Ninth Street and the Mirror Stage

On Friday, I was walking through downtown Columbia to teach my morning class, and watching the people, the diverse crowd that always seems to include some students, some homeless men and women, and some people whose jobs or paths or lives have given way to walking there for a few minutes. I saw a girl, who may have been about three, looking at her reflection in the window of one of the stores, and making this noise of joy at what she saw there. Her mother said, "Do you see yourself there?" She didn't answer for a second, and I walked past and didn't hear whether she said yes or no. Whatever she was thinking, I was thinking about Lacan's description of the infant finding a specular self in the mirror, that's separated when we see that the mirror is a naturally occurring thing that only represents what's put in front of it, and that this helps to break us away from the necessary narcissism of infant dependency.

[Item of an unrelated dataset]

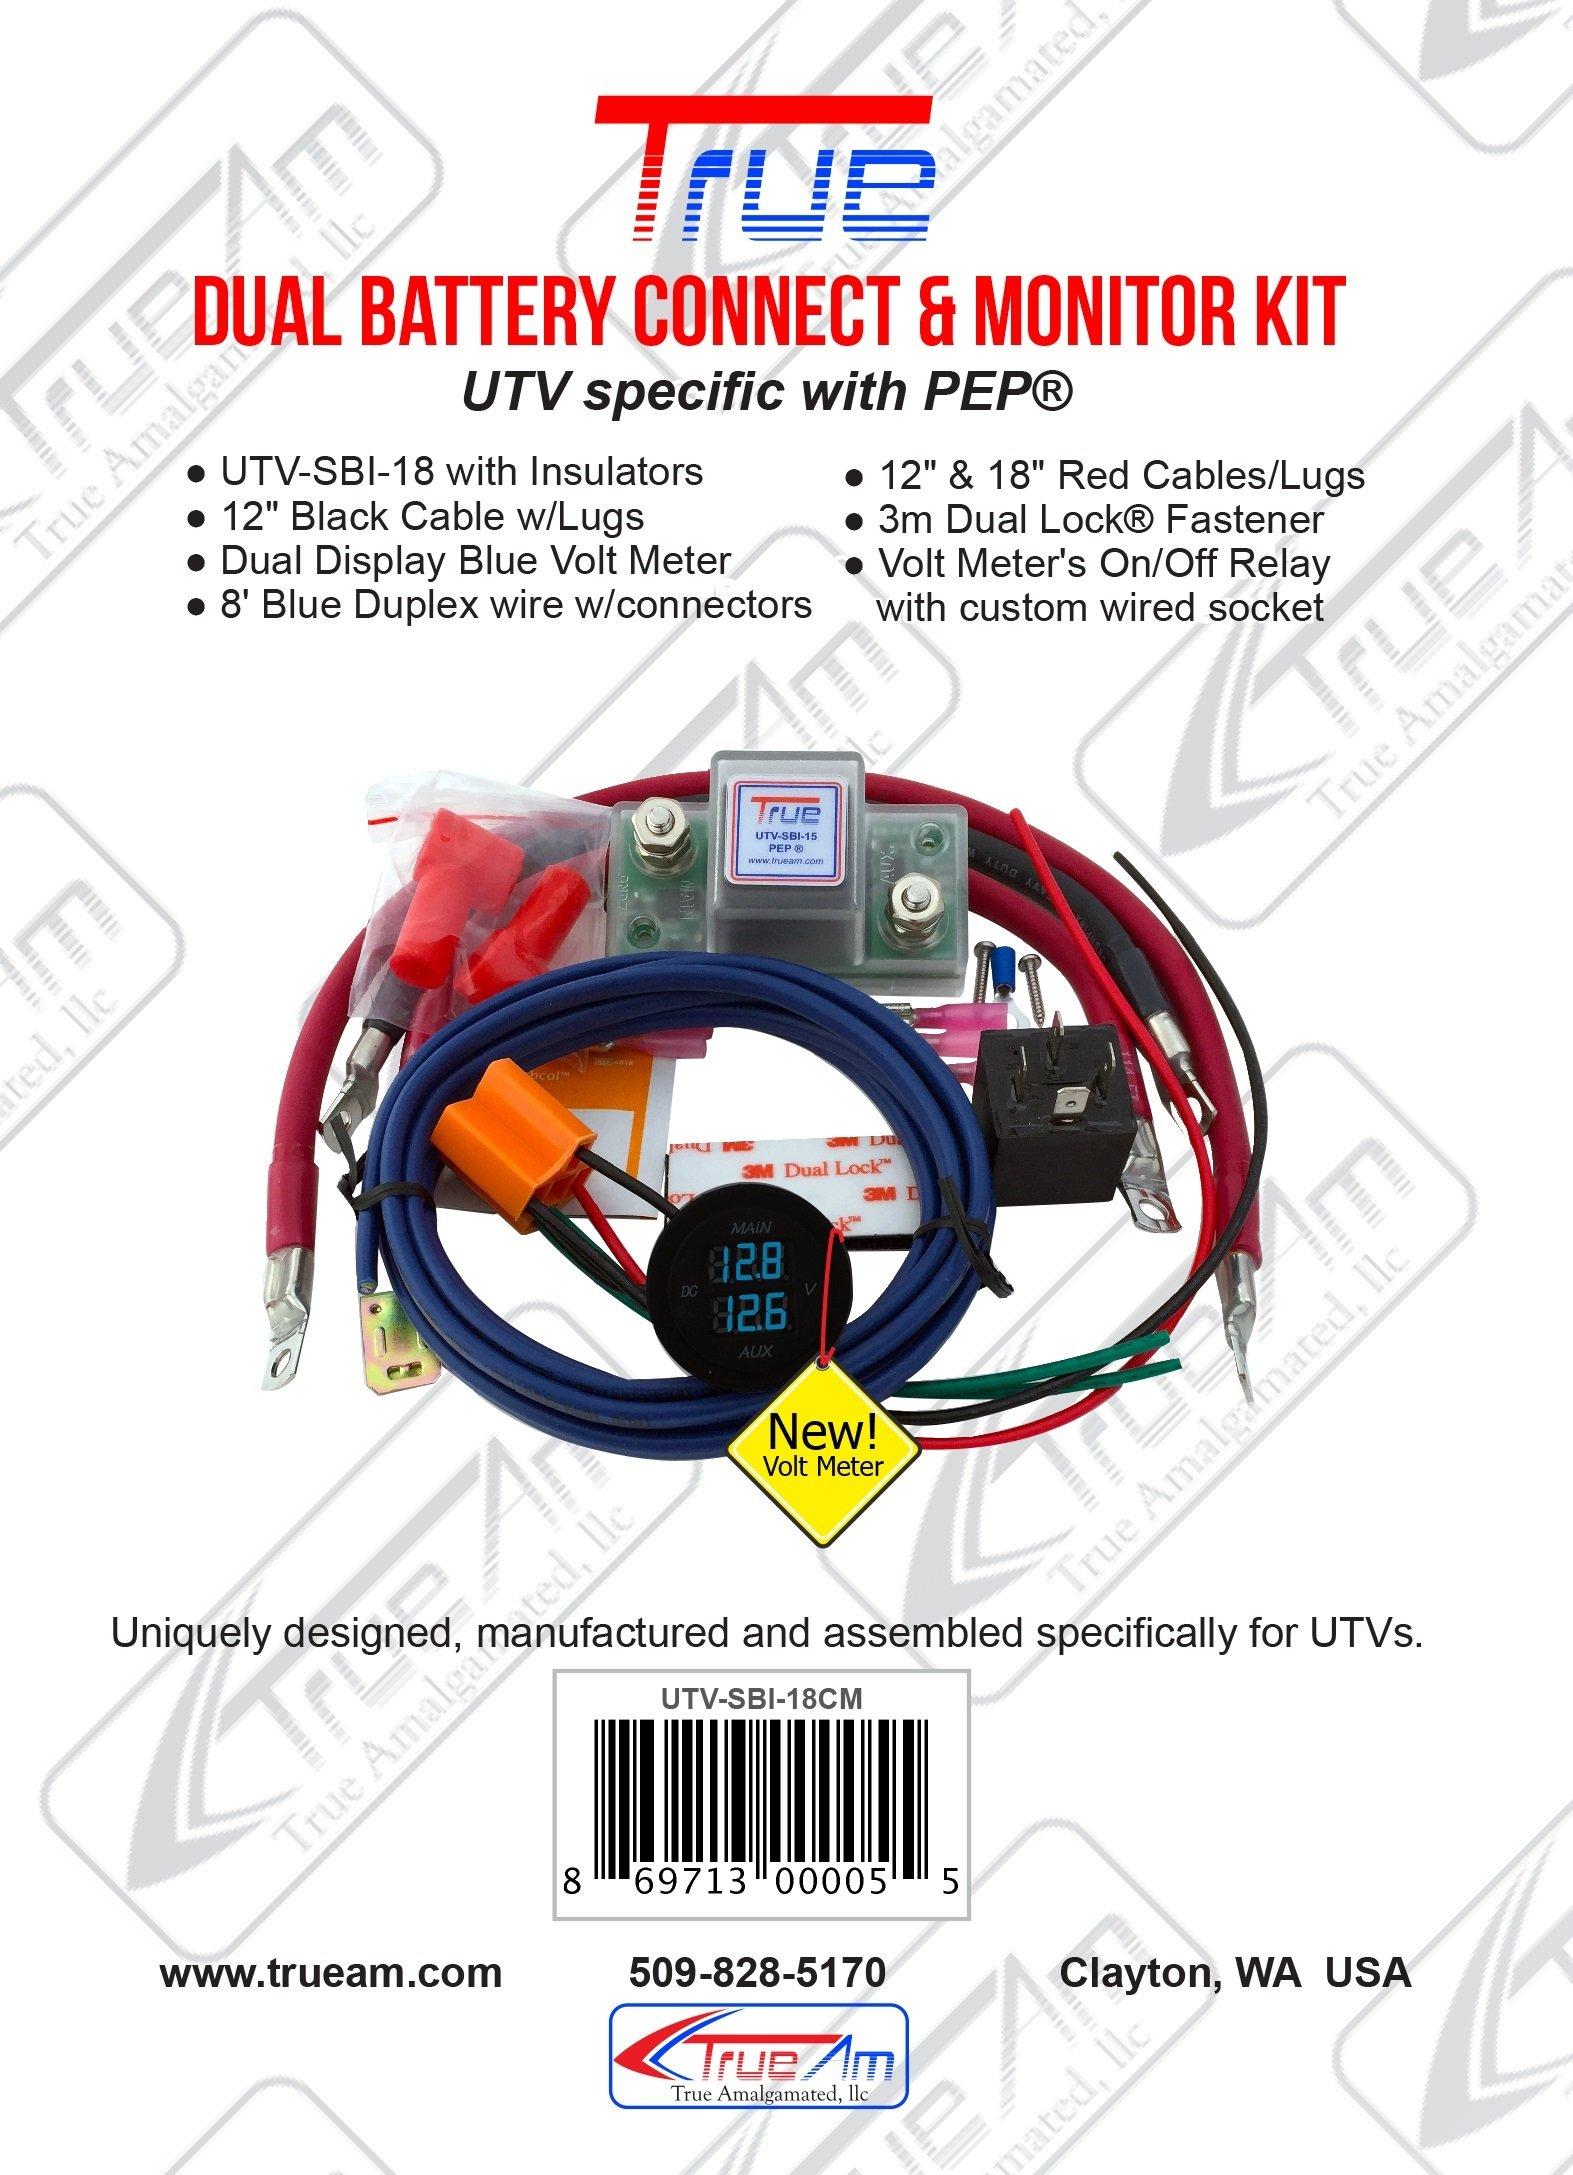 True UTV-SBI-15CM UTV Dual Battery Connect & Monitor Kit by True Decor (Image #1)

I've been thinking, too, about how Lacan apprenticed himself to Freud, and seemed to find his genius not by a process of deduction but by this sense of entering his own mirror stage with Freud, after the infancy of being immersed in Freud's work, not leaving his sense of questioning behind but examining its continuities, its harmonies, and, finally, finding the place where the study of the mind and the study of the signifier met, both of them aligned in his thinking so that the imperative to start to speak to his community began, powerfully enough that his force and passion drew crowds to whom his reasoning came home. In this passing on of language, not solely for its logic but also for the beauty of its construction, he was carrying out the role of the poet that Plato describes in Ion, demonstrating it himself, first and foremost, by being a conduit for the ideas of Socrates.

The girl staring into the window, making a sound, was making poetry, and we can see her not being stumped by the question of who the girl is in the window, but seeing her own face superimposed on the colors and shapes in the store, the people moving there, at the point when the mirror turned into glass.